● EXTRACTED DATA
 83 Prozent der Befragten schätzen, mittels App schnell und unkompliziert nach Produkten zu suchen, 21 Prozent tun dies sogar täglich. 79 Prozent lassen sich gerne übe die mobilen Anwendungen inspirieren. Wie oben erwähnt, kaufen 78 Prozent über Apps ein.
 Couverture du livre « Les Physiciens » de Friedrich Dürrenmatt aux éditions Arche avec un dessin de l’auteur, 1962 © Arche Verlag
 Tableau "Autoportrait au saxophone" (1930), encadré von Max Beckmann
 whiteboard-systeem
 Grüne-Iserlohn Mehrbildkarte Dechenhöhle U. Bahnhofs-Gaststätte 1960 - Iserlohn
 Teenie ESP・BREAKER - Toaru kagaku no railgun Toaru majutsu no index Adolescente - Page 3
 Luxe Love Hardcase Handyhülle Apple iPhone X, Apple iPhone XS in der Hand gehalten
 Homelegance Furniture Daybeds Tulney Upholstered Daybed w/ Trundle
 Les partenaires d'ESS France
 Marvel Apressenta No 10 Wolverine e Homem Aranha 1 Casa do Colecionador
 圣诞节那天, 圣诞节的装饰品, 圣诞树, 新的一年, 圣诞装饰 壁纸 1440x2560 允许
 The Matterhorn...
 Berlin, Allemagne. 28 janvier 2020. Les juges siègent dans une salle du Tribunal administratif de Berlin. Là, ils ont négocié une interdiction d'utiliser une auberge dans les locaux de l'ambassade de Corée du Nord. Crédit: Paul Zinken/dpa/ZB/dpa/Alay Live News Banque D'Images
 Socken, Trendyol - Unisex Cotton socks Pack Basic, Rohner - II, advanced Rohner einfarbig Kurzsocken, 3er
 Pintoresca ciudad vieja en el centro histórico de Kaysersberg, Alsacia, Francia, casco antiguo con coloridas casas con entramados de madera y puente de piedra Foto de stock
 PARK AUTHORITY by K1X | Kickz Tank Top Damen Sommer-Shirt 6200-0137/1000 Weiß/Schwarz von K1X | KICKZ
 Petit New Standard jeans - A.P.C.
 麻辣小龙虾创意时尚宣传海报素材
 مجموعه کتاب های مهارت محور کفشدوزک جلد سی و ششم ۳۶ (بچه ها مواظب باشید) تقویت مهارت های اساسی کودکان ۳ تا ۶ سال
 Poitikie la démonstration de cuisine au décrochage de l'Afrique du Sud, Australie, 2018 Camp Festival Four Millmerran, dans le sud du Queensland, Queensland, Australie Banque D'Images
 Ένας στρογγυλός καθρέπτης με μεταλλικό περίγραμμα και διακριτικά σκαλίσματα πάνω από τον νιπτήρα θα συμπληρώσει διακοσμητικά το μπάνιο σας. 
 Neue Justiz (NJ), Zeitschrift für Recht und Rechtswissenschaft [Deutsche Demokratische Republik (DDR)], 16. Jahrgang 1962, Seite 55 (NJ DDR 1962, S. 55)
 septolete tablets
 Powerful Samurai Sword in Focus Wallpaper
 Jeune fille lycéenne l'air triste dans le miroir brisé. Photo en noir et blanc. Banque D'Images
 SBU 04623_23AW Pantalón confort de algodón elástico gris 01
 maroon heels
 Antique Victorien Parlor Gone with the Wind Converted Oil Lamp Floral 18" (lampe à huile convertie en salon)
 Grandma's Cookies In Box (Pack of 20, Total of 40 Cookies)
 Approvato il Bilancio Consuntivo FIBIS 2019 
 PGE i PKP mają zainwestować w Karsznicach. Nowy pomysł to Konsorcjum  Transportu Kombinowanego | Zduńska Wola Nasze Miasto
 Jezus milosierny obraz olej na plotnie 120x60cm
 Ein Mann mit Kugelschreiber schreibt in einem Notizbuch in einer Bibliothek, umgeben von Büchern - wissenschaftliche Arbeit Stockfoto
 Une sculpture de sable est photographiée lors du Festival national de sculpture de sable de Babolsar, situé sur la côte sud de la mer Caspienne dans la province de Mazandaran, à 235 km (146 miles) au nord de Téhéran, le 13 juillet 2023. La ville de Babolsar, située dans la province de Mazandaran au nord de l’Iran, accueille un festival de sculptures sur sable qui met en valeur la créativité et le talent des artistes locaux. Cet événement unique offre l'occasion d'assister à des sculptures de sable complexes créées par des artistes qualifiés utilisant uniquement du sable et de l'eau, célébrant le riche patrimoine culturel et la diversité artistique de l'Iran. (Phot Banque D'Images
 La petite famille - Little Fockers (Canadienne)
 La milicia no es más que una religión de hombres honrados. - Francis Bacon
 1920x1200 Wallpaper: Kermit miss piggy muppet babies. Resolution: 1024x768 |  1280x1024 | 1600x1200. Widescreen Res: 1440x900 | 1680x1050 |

● WHAT IS BEING ASKED
Give only the lines from the one holding "Pintoresca ciudad vieja" through the one holding "مجموعه کتاب های", each restated exactly as it appears above.

● ANSWER BOX
 Pintoresca ciudad vieja en el centro histórico de Kaysersberg, Alsacia, Francia, casco antiguo con coloridas casas con entramados de madera y puente de piedra Foto de stock
 PARK AUTHORITY by K1X | Kickz Tank Top Damen Sommer-Shirt 6200-0137/1000 Weiß/Schwarz von K1X | KICKZ
 Petit New Standard jeans - A.P.C.
 麻辣小龙虾创意时尚宣传海报素材
 مجموعه کتاب های مهارت محور کفشدوزک جلد سی و ششم ۳۶ (بچه ها مواظب باشید) تقویت مهارت های اساسی کودکان ۳ تا ۶ سال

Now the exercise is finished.